Major beneficiaries of income tax concessions during FY24 included the pension and social security sectors, energy and mining industries, financial institutions, education and health sectors, tribal areas, and the salaried class. The information technology sector and charitable organizations also received substantial relief.

The FBR also noted that while many sectors receive tax relief, there is no sales tax exemption for consumers of petroleum products, as these are instead subject to the Petroleum Development Levy (PDL).

The reduction in tax expenditures reflects a broader government strategy to rationalize tax concessions and enhance fiscal transparency. However, the FBR cautioned that these figures should not be viewed as guaranteed revenue potential. The actual fiscal impact of removing exemptions would depend on taxpayer behavior, economic conditions, and market responses.

“The narrowing of tax exemptions is a positive signal for fiscal reform,” said an analyst. “But the fact that over PKR 2 trillion is still being forgone highlights the structural inefficiencies and policy trade-offs the government continues to grapple with.”

The report also emphasizes that these exemptions may indirectly affect provincial revenue streams and should be interpreted within a broader fiscal context. FBR officials said the aim of the report is to foster transparency and provide policymakers with data to inform future tax reform decisions.

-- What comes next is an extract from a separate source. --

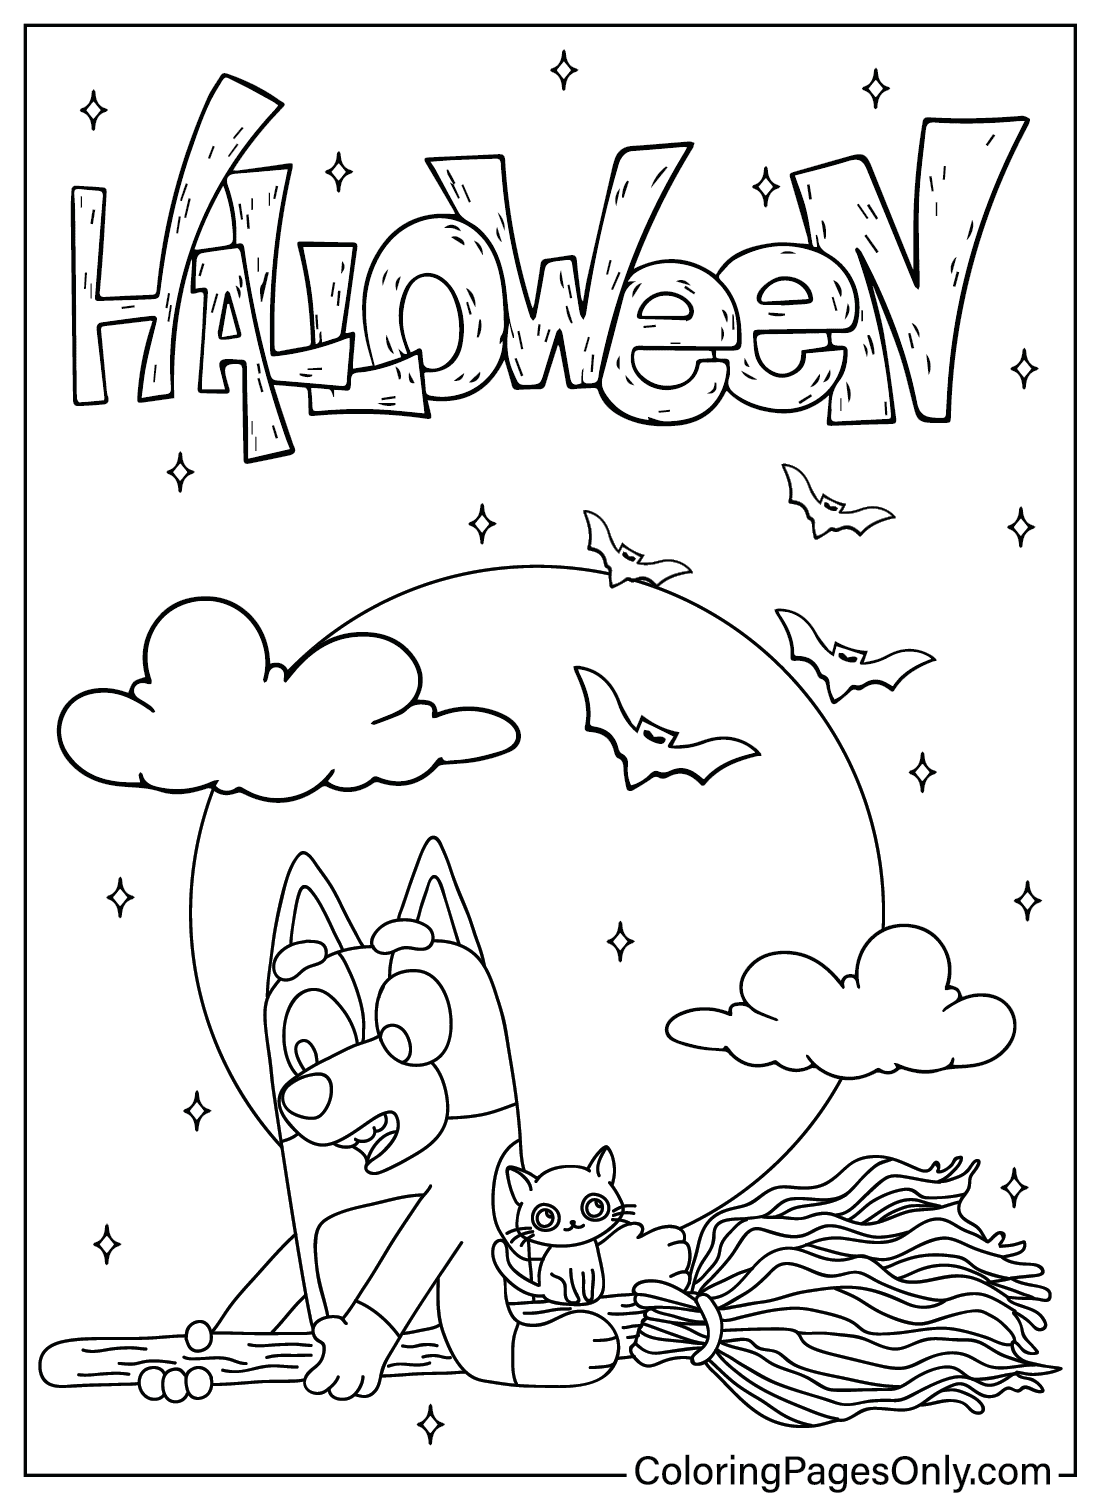 Bluey Halloween Coloring Sheet for Kids from Bluey Halloween

Income tax expenditures slightly declined as a share of GDP, from 0.57% in FY23 to 0.52% in FY24.

Sales tax expenditures also decreased by 18.6% year-on-year, reflecting a downward trend in overall tax relief amid growing fiscal pressures.

Despite the decline, analysts say Pakistan still has significant room to improve the efficiency of its tax system and broaden the revenue base without disproportionately burdening low-income groups.